И каждый раз, друг друга замечая,
бестрепетны, спокойны ко всему,
мы разойдёмся, головой качая:
ты — в горний свет, а я к себе, во тьму.
25
Кого мне полюбить отлюбленной любовью
и как мне разобрать, о чём там шебуршат
кузнечики мои, и скачут к изголовью,
похожие в толпе на тощих лягушат?
Пусть им-то невдомёк, а мне уже сказали,
что движется в пару замолкшая Ока,
и очень далеко, почти что от Рязани,
гусиные, идут к Озёрам облака.
Кузнечики мои, уже стареет лето.
Я загляделся в ваш многофасетный глаз,
где в дымчатом стекле двенадцать точек света
дробятся на куски и вспыхивают враз.
Прощения для всех, кто ропщут и взыскуют!

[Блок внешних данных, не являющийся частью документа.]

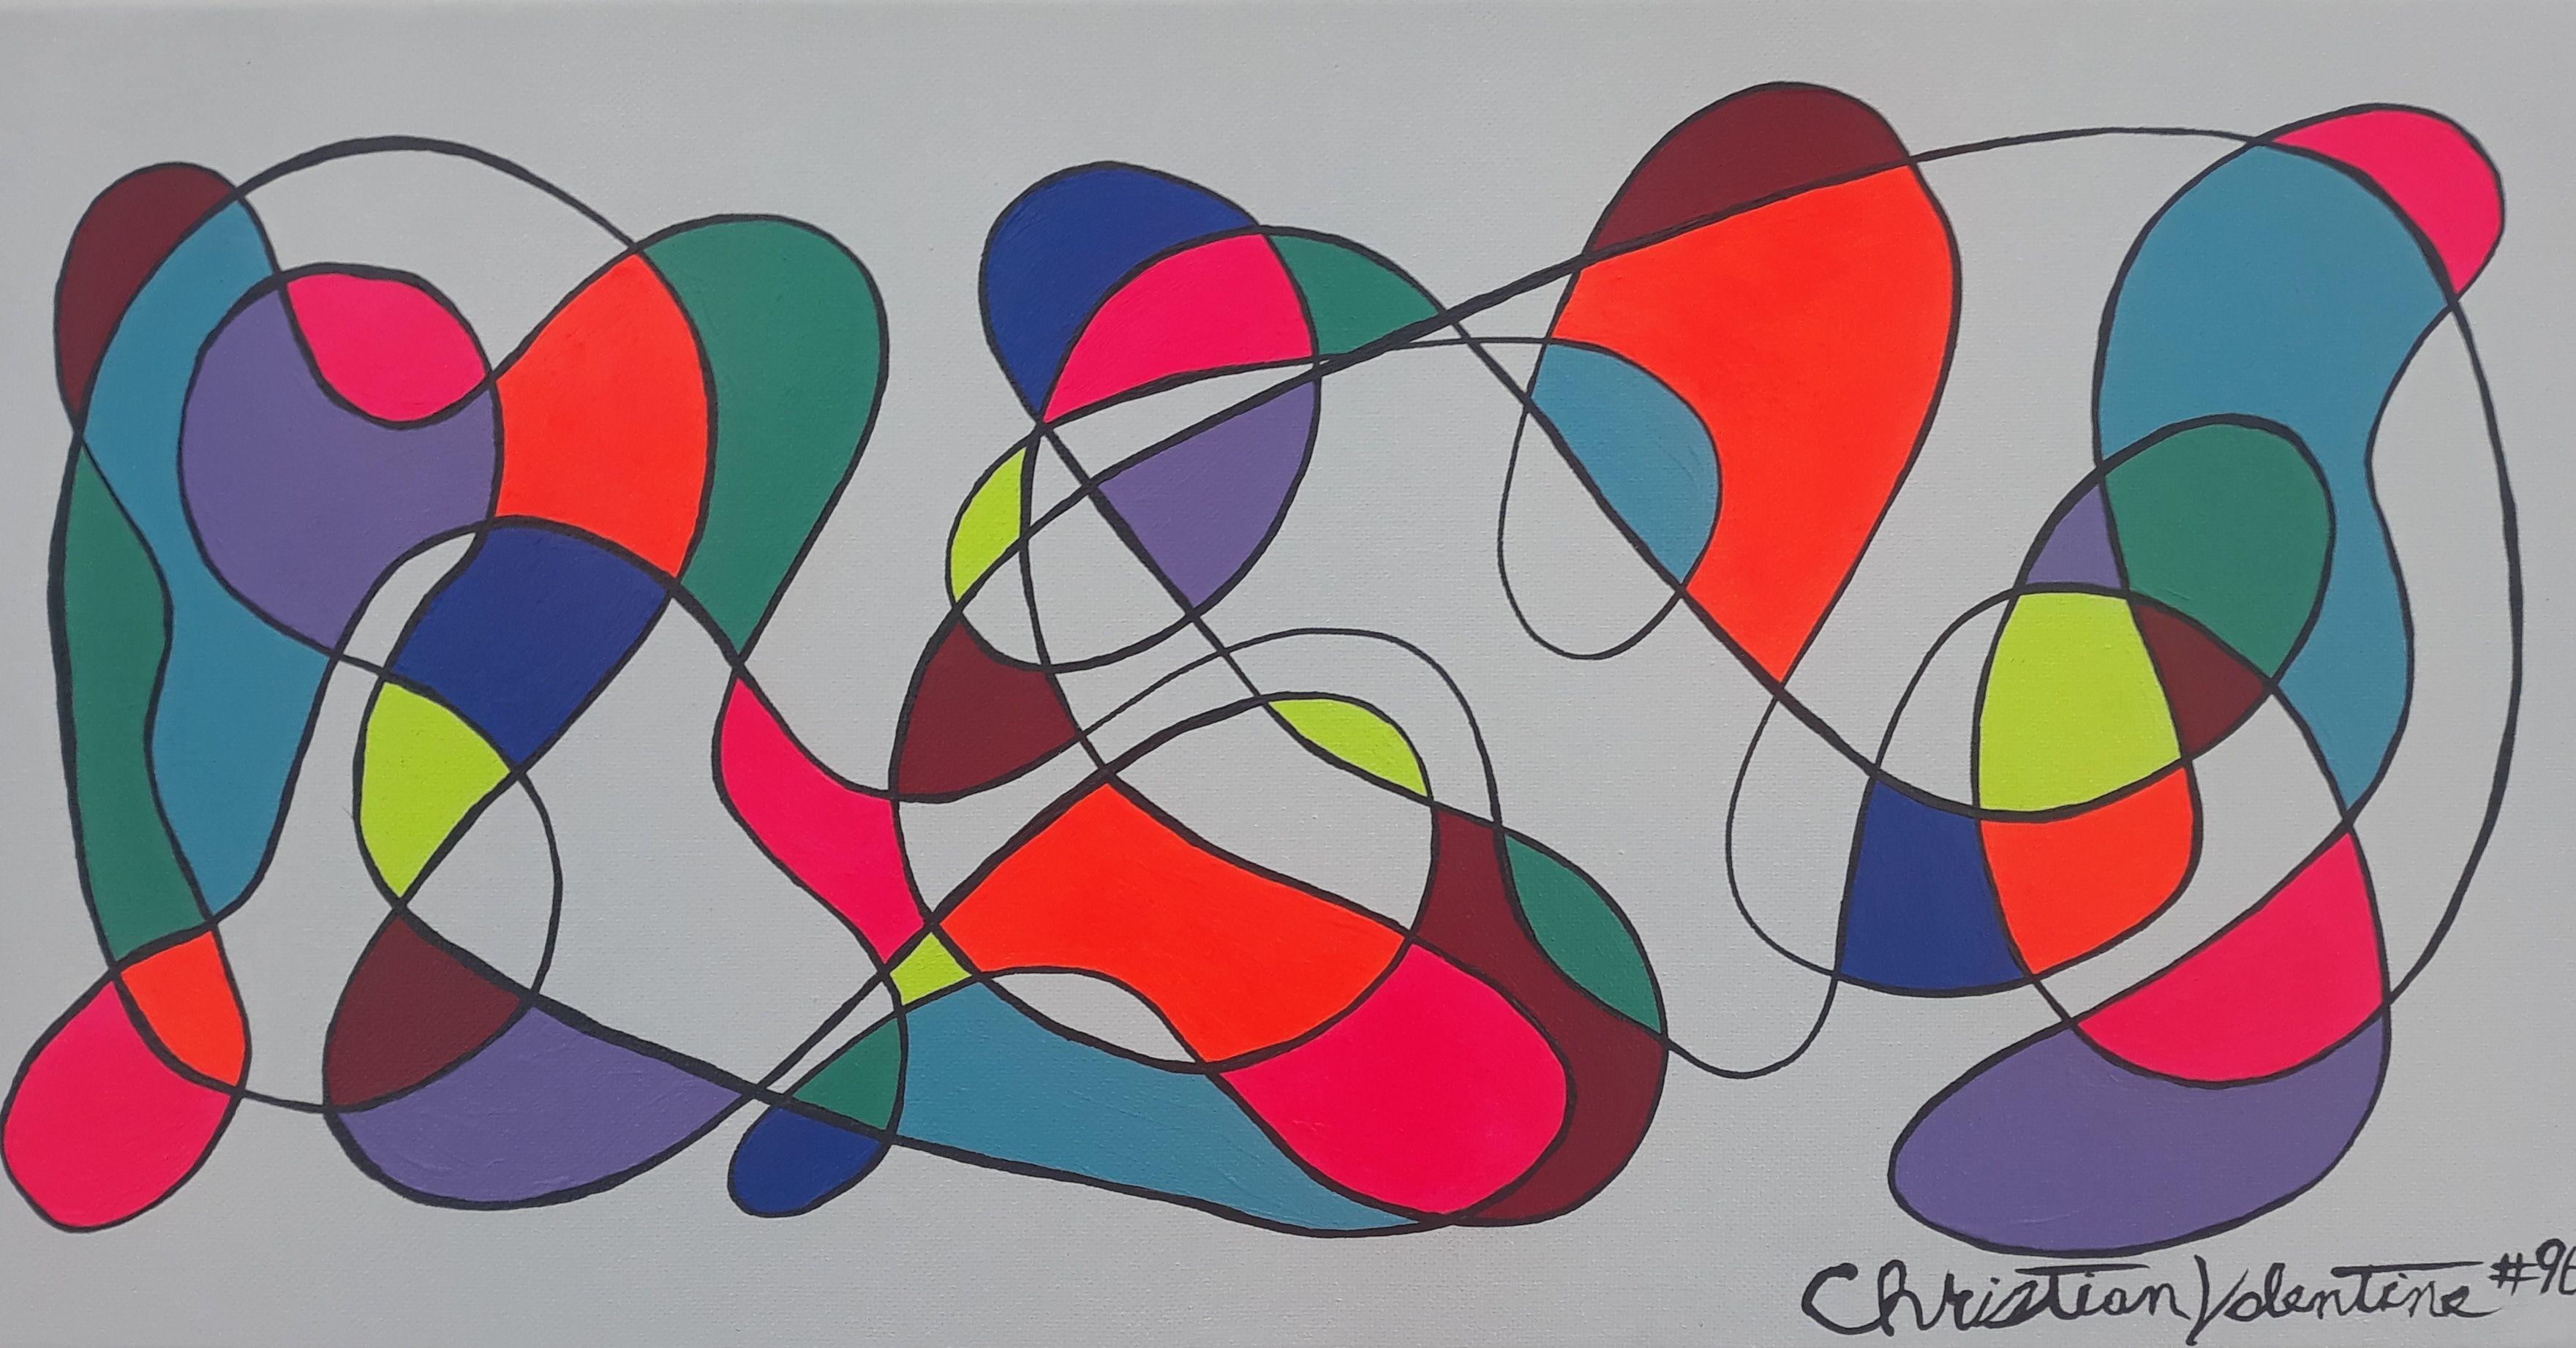 Christian Valentine Abstract Painting - Easter, Painting, Acrylic on Canvas

Для тех, кто отлюбил и угадать не смог,
зачем опять в траве кузнечики ликуют
и к богу, стрекоча, сигают на порог.
26
Дорогие мои, то ли время настало прощаться,
то ли возраст прощёлкал за стенкой костяшками счёт,
но четвёртые сутки ветра на Болотово мчатся
и по нижнему лугу позёмка течёт и течёт.
На подземных постелях уснули жуки и медведки.
Спят капустные моли и весь многоядный синклит,
по сукам и по штамбам оставив фамильные метки
до возврата из мёртвых, из-под промороженных плит.
Вы и сами ночами слыхали, наверно, в полслуха,
как в приствольные лунки крошится больная кора,
как далёко-далёко, нежнее гусиного пуха,
начинается замять и зыбкого снега игра.
Спите, мелкие звери, и вы, пожиратели флоры!
Что ни сделает время — не вас призовут на ответ.
А ветра-то, ветра-то летят и летят за Озёры,
будто нас в самом деле уже на земле больше нет.